PROBLEM TO SOLVE:
Using the material that follows, output exactly the lines from the one containing "JONONE JonOne" through the one containing "Signe&hellip;", with both ends kept.

DATASET EXCERPTS:
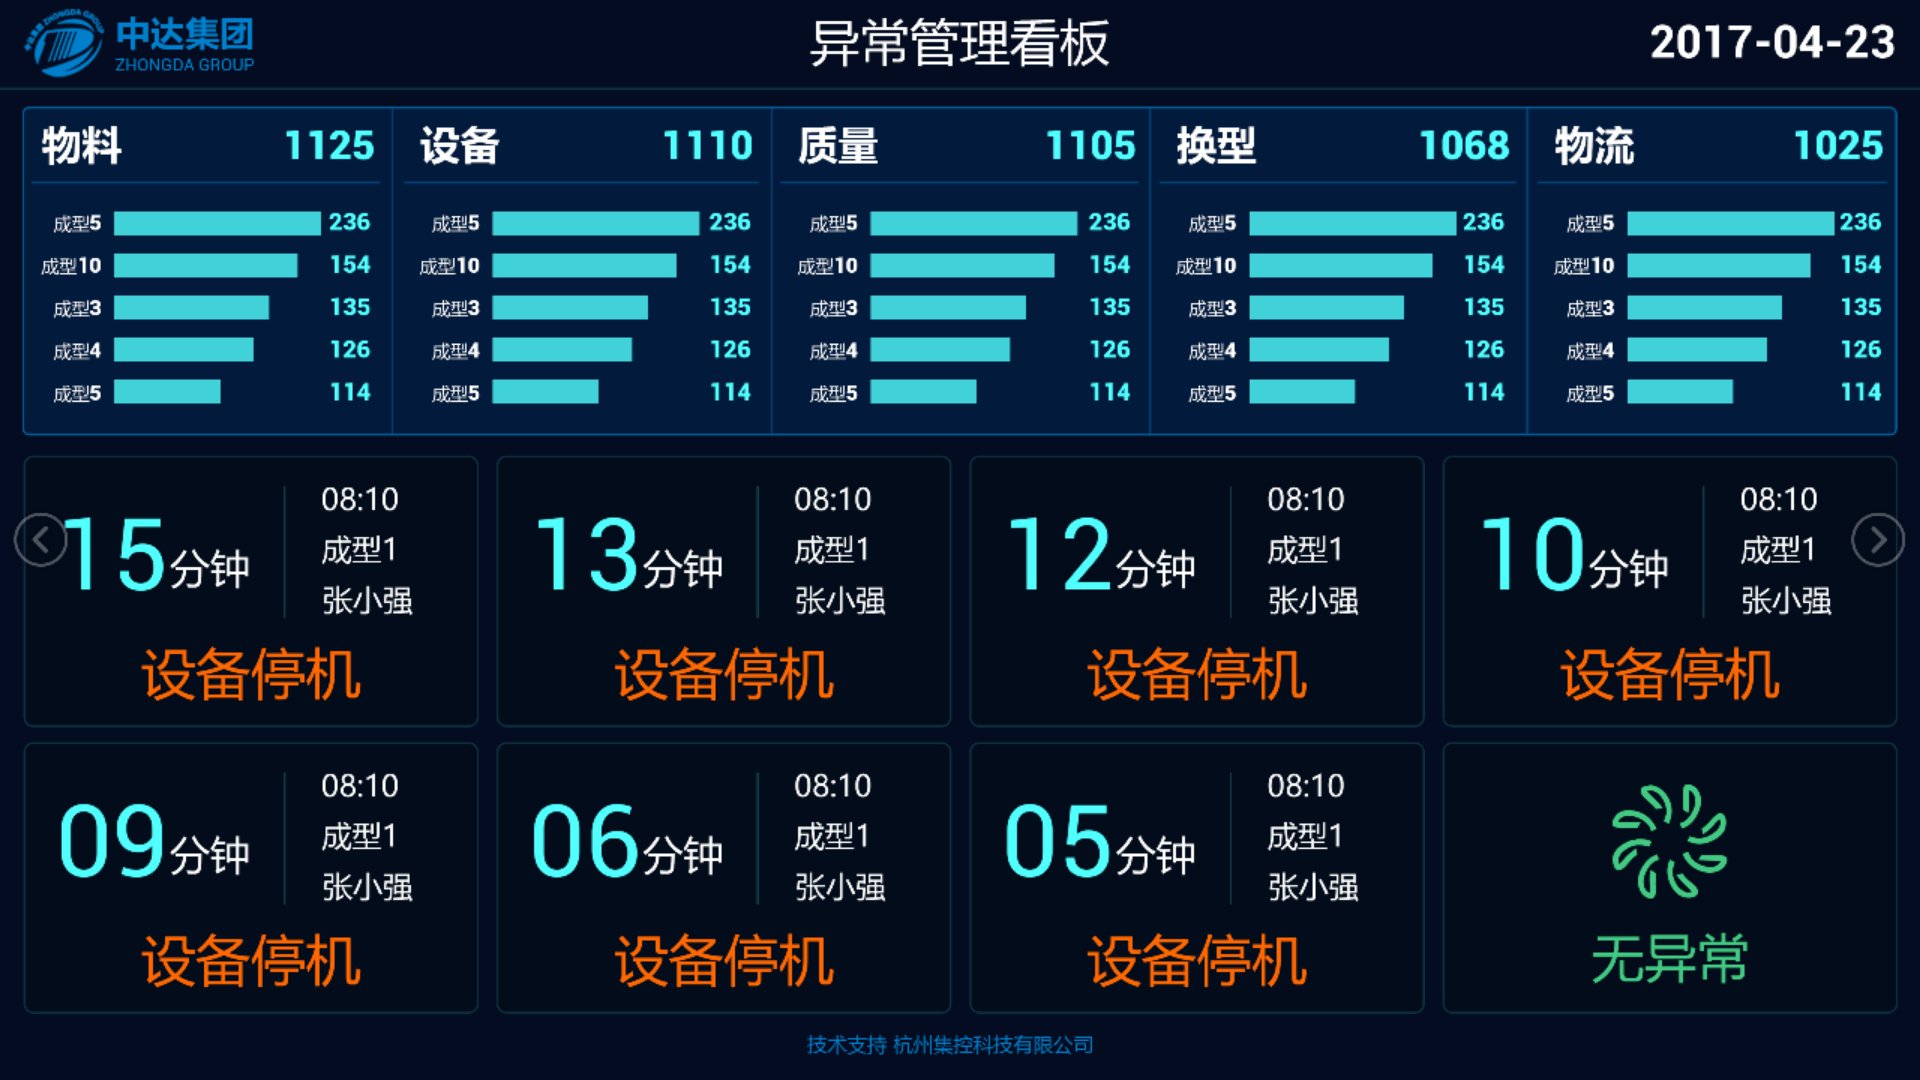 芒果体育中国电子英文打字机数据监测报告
==
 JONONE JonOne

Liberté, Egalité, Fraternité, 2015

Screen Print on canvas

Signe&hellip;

EXERCISE RESULT:
 JONONE JonOne

Liberté, Egalité, Fraternité, 2015

Screen Print on canvas

Signe&hellip;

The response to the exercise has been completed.